Настоящее искусство. Пролог. Глава 1 Отец и сын
Данная книга является художественным произведением, не пропагандирует и не призывает к употреблению наркотиков, алкоголя и сигарет. Книга содержит изобразительные описания противоправных действий, но такие описания являются художественным, образным, и творческим замыслом, не являются призывом к совершению запрещенных действий.
Автор осуждает употребление наркотиков, алкоголя и сигарет.
ПРОЛОГ
— Нет, Леш, сегодня ты его не получишь.
Сквозь высохшие мутные потеки дождя на окне в зал искусств проникало безбожное южное солнце. Пахло мерцающей в воздухе пылью, дешевым мужским дезодорантом
и ментоловым фильтром женских Vogue.
— Потому что мы с Константином решили провести выходные вместе, и тебя это не должно интересовать с тех пор, когда ты ушел от меня и своего сына. Вместе всей нашей семьей — я понятно выражаюсь или ты там совсем отупел под влиянием своих шлюх?

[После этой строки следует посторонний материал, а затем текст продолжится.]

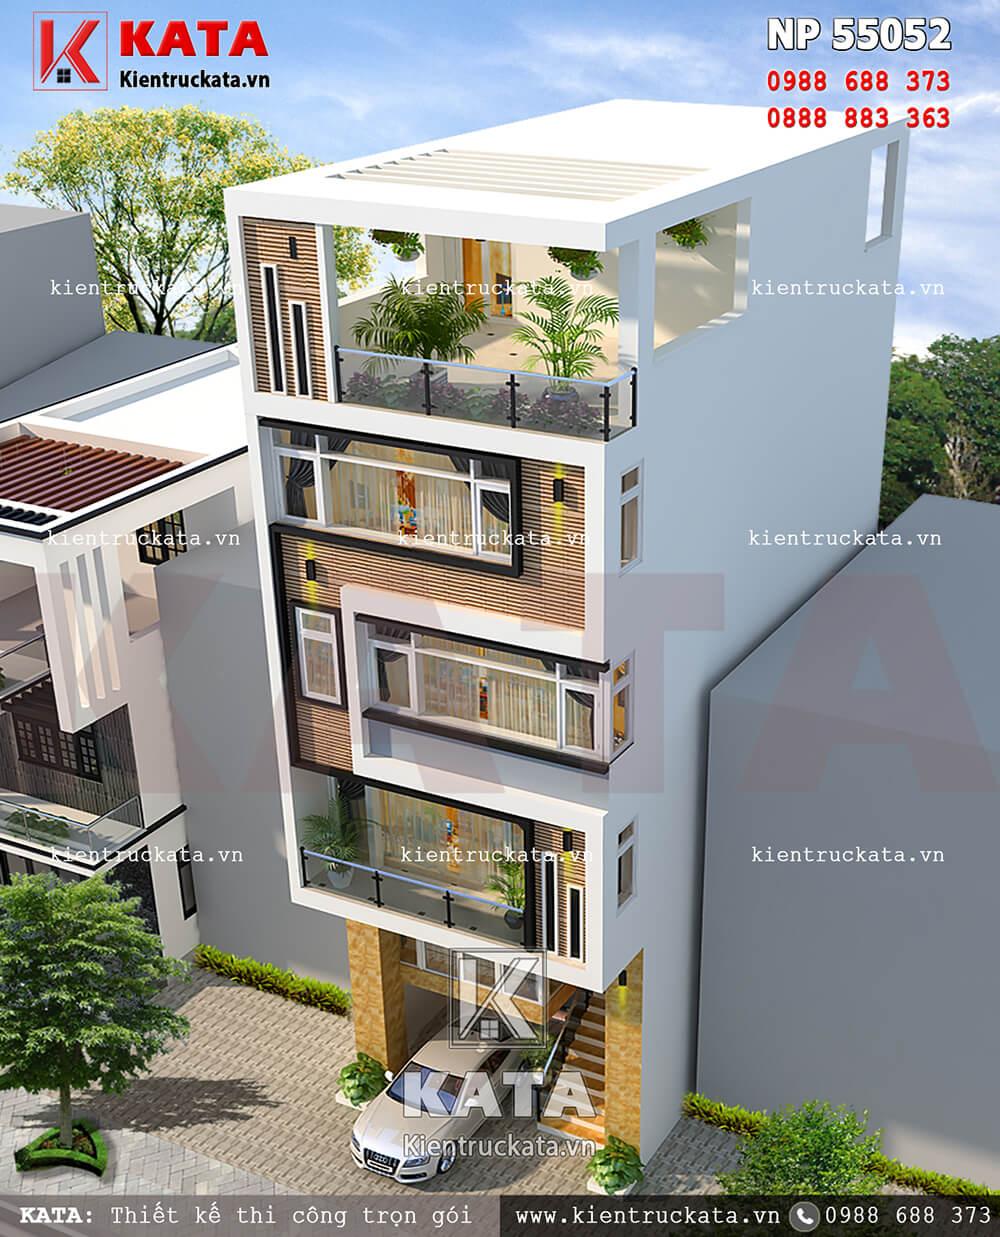 Thiết kế nhà phố 5 tầng kết hợp kinh doanh nhìn từ trên cao

Раздраженное шипение, слетавшее с оранжевых губ женщины, беседующей по мобильному телефону с явно не самым приятным ей собеседником, едва доносилось до мальчика, стоящего перед невзрачным полотном в дешевой резной раме, неряшливо покрытой облупленным кое-где лаком. Сейчас он вряд ли мог бы воспринять что-то, кроме открывшегося перед его наивным, по-детски распахнутым взором зрелища.
Нечто подобное он уже случайно видел, проходя мимо комнаты мамы и Константина. Отчим щелкал пультом. Монотонное клац-клац-клац внезапно затихло, когда в телевизоре появился злой дядька с пистолетом и перепуганная девушка в изорванной одежде, которая по-экранному трагично хватала жемчужными зубами воздух и по-актерски натянуто выла, пока бандит бечевкой привязывал ее молочно-белые запястья к противно скрипящему деревянному стулу.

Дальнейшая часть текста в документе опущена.